Task to carry out:
A faithful copy is required. Print each line of the data exactly and omit the pictures.

Provided records:
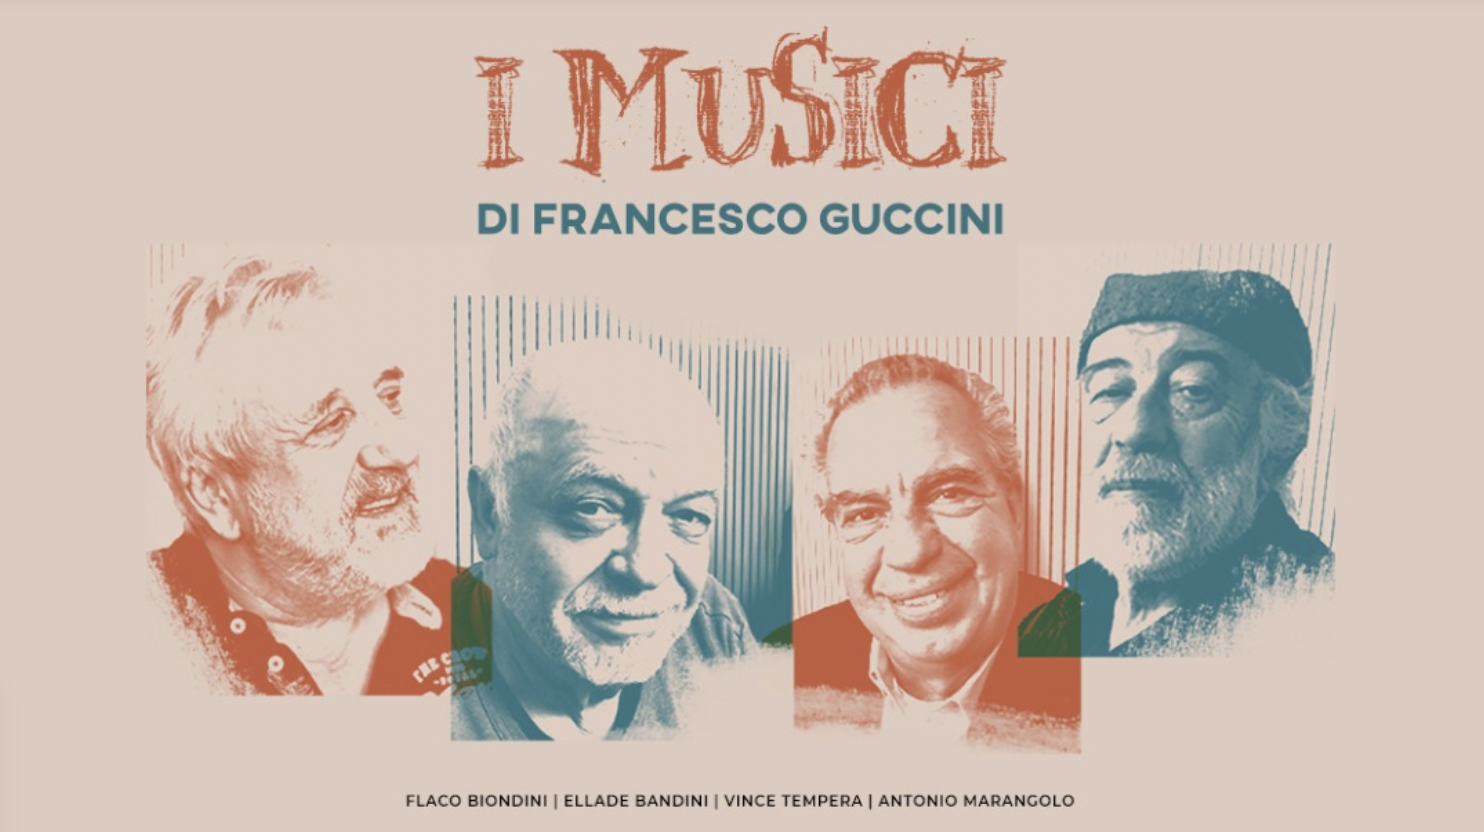 I Musici di Francesco Guccini
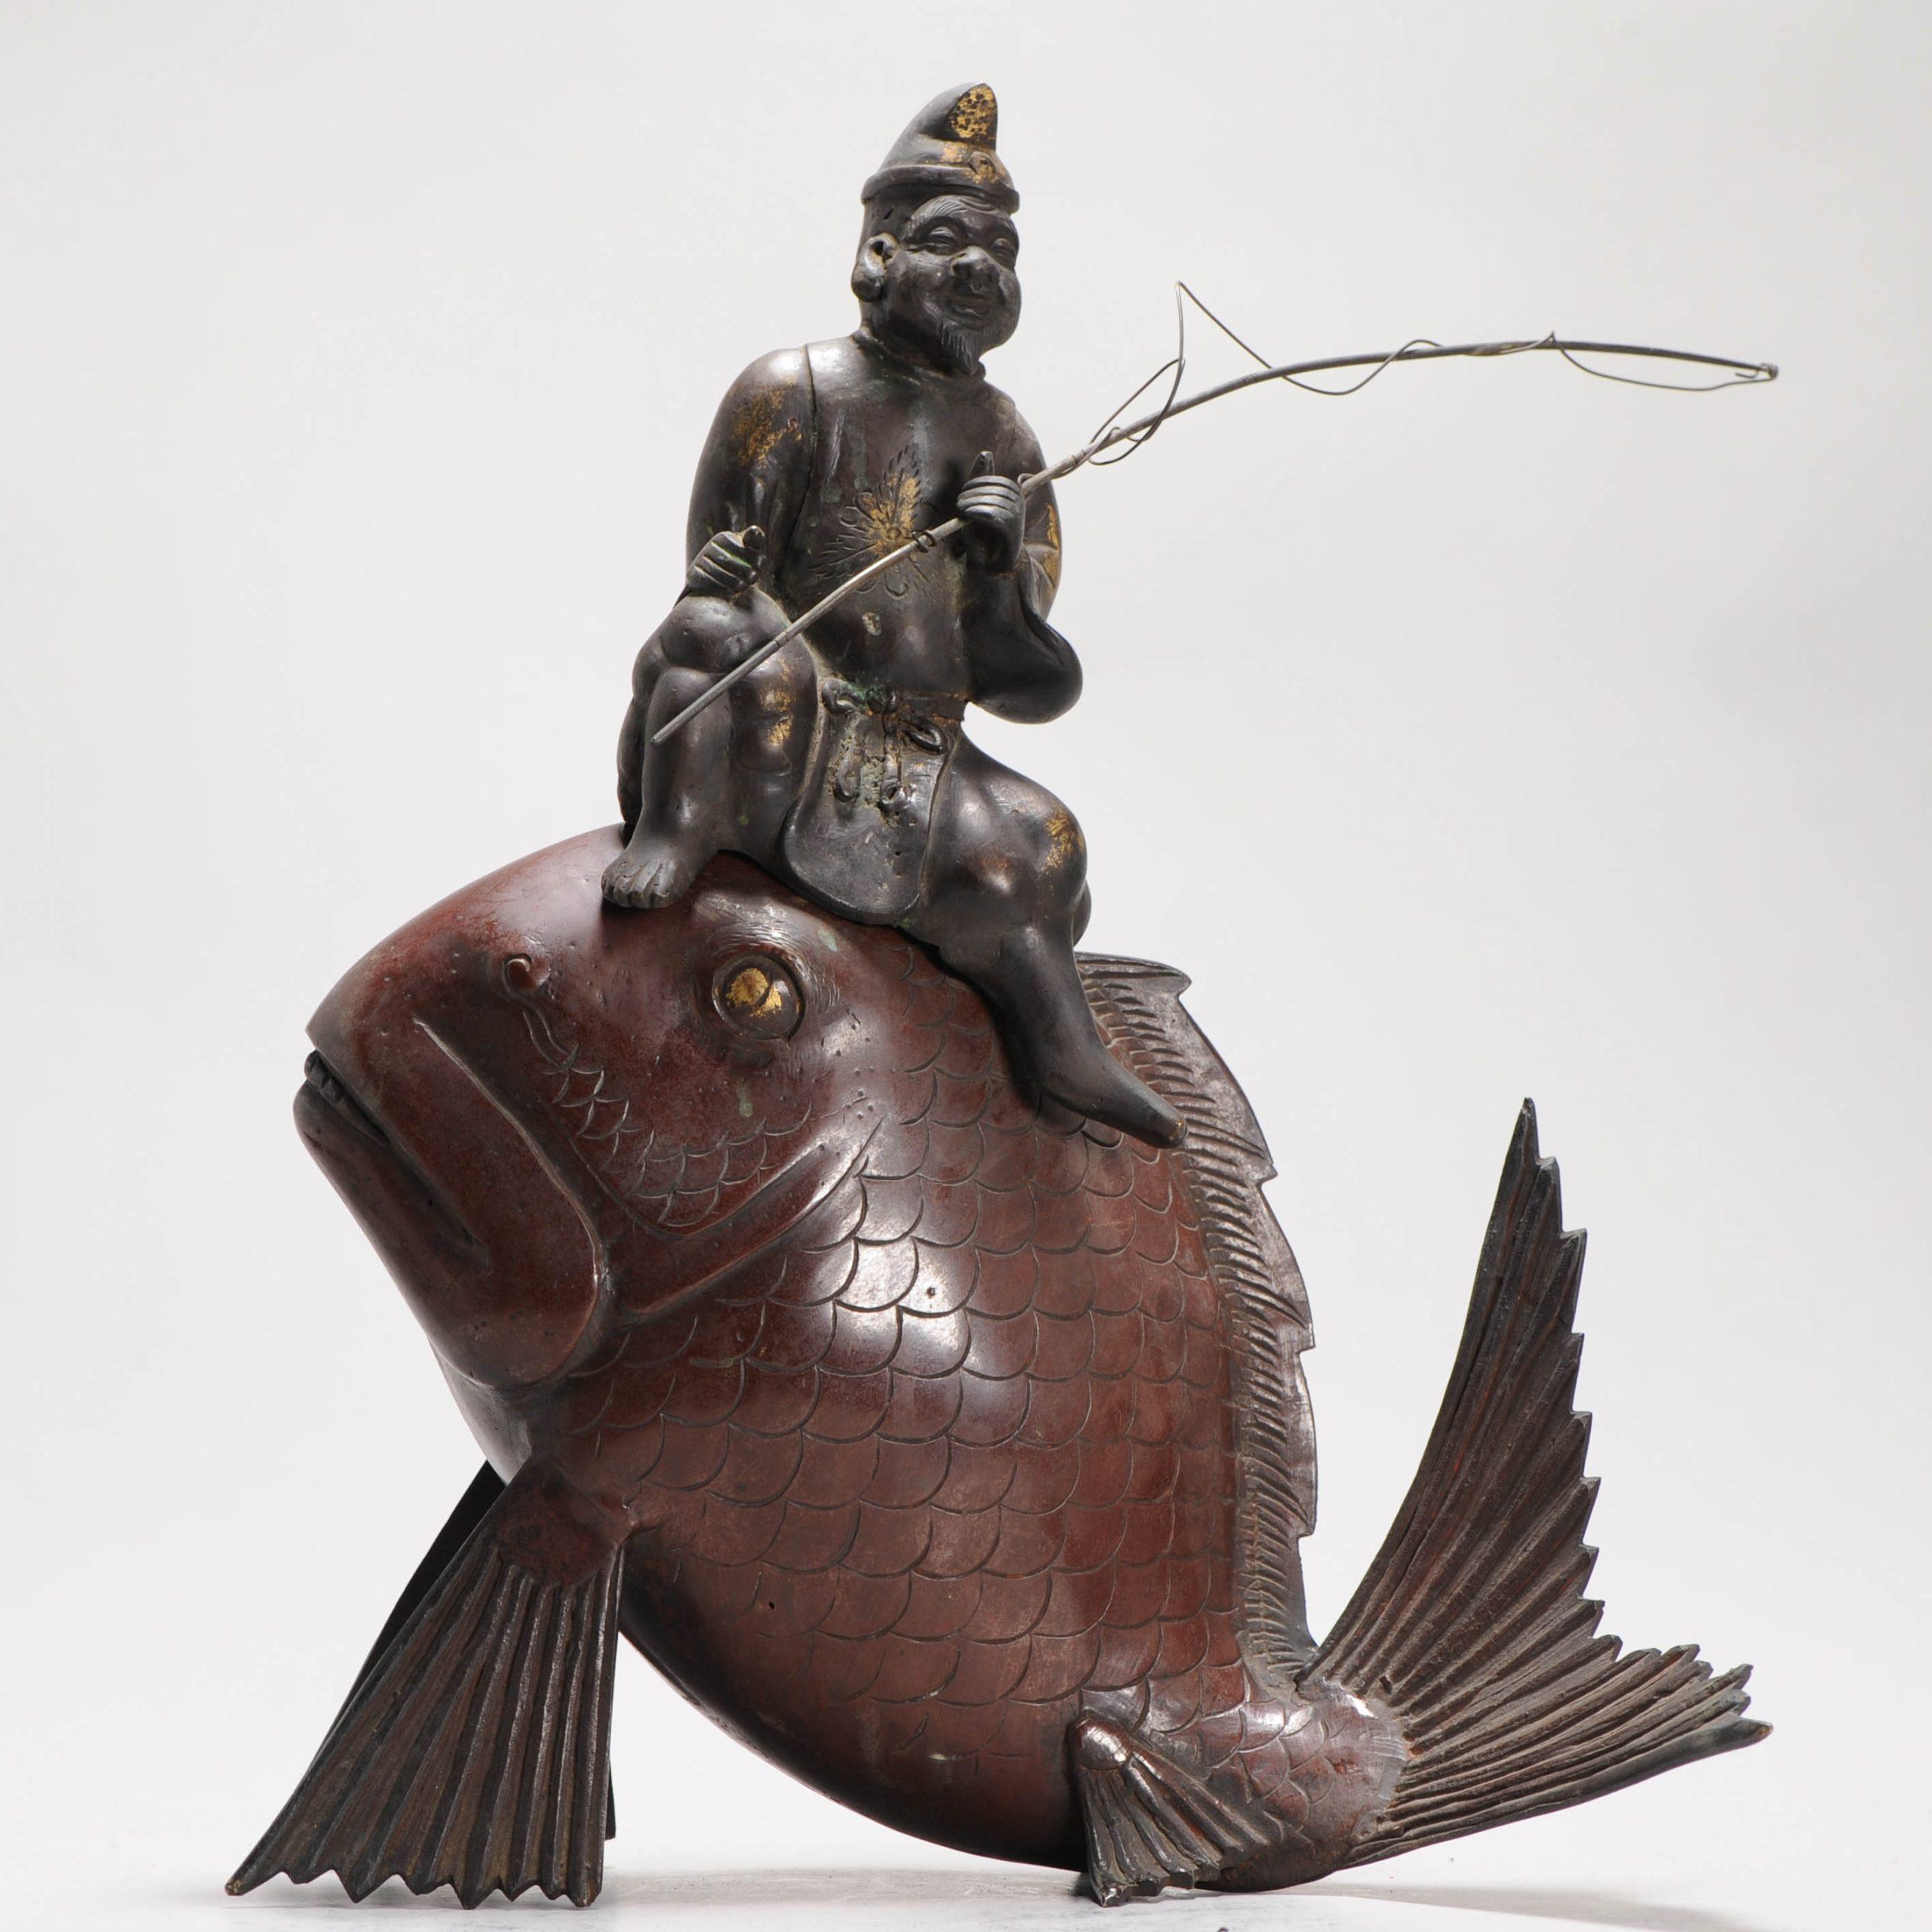 une très belle statue d'un pêcheur sur un poisson

Condit
40 x 35 cm. Bon état avec des signes d'usure.
Période
19ème siècle 
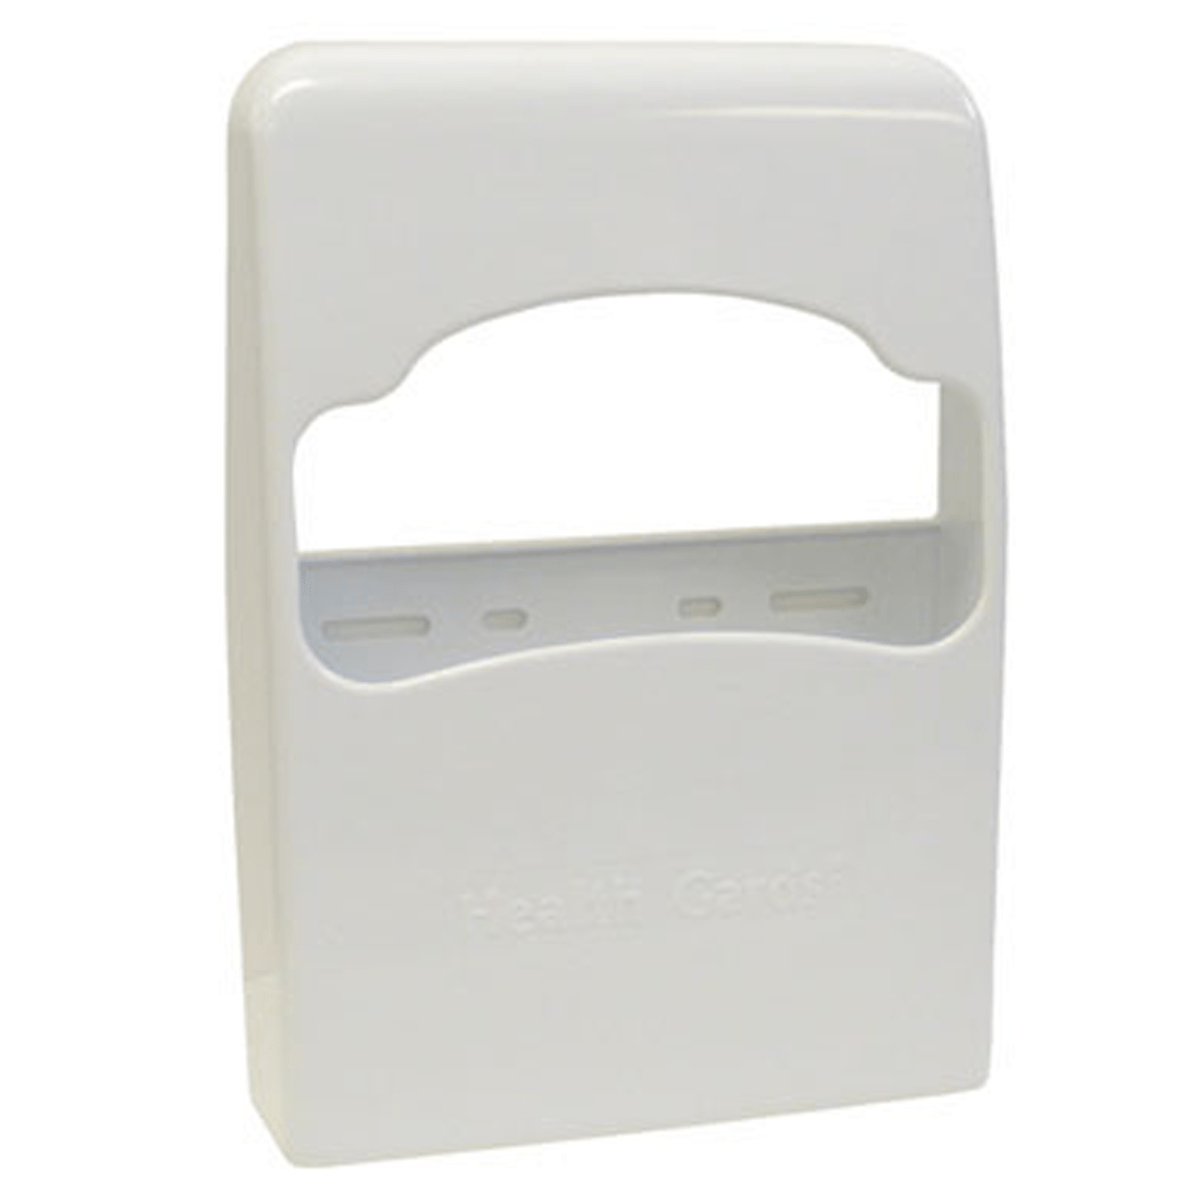 Quarter-Fold Toilet Seat Cover Dispenser
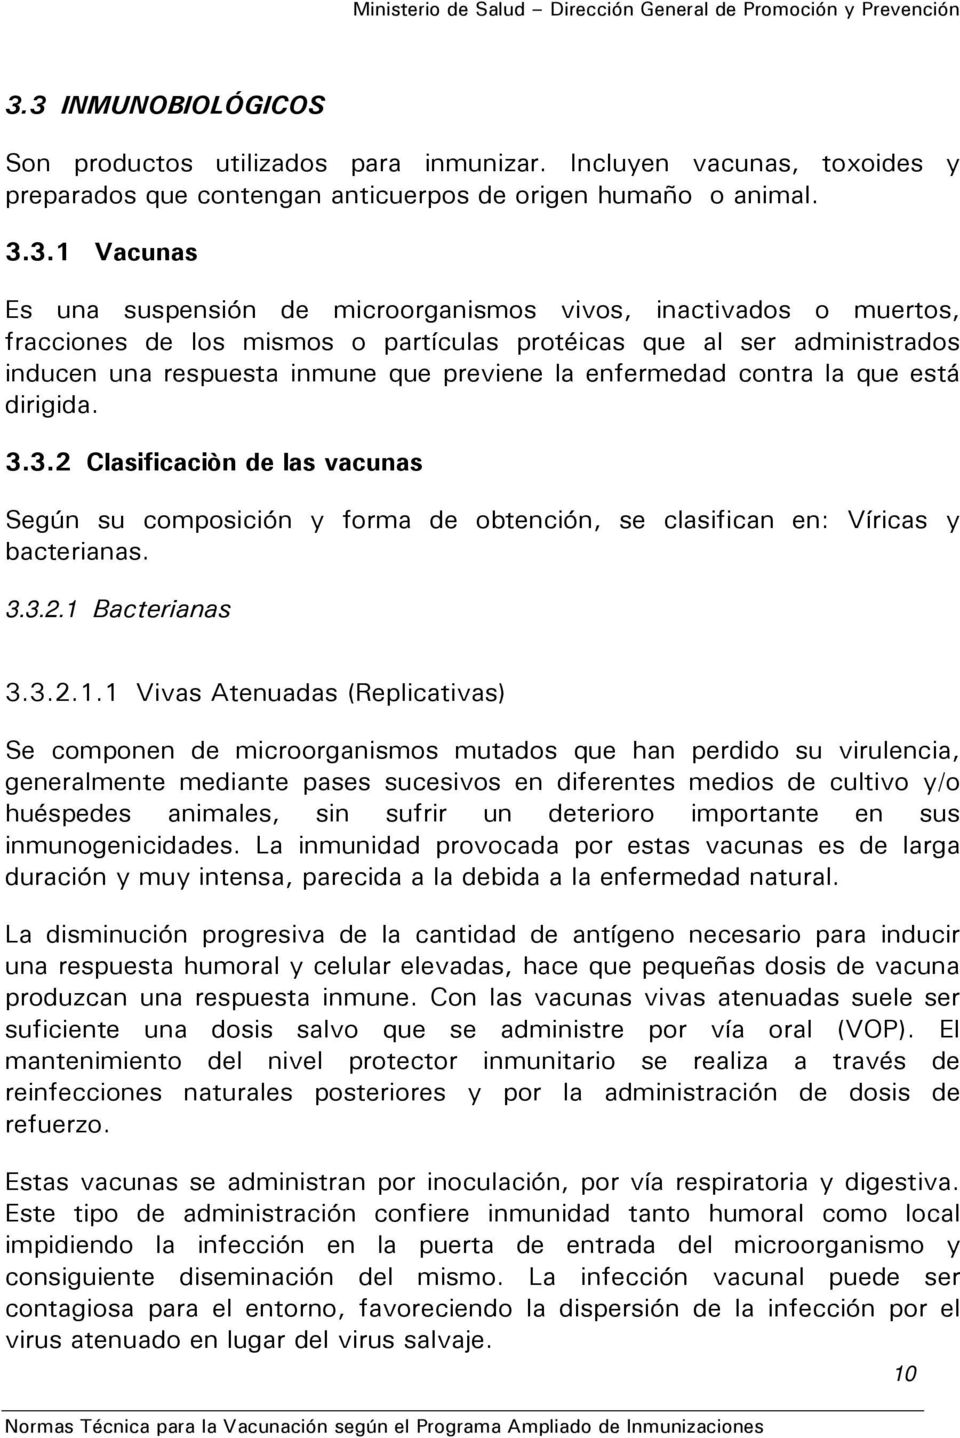 dirigida. 3.3.2 Clasificaciòn de las vacunas Según su composición y forma de obtención, se clasifican en: Víricas y bacterianas. 3.3.2.1

Exercise response:
 I Musici di Francesco Guccini
 une très belle statue d'un pêcheur sur un poisson

Condit
40 x 35 cm. Bon état avec des signes d'usure.
Période
19ème siècle 
 Quarter-Fold Toilet Seat Cover Dispenser
 dirigida. 3.3.2 Clasificaciòn de las vacunas Según su composición y forma de obtención, se clasifican en: Víricas y bacterianas. 3.3.2.1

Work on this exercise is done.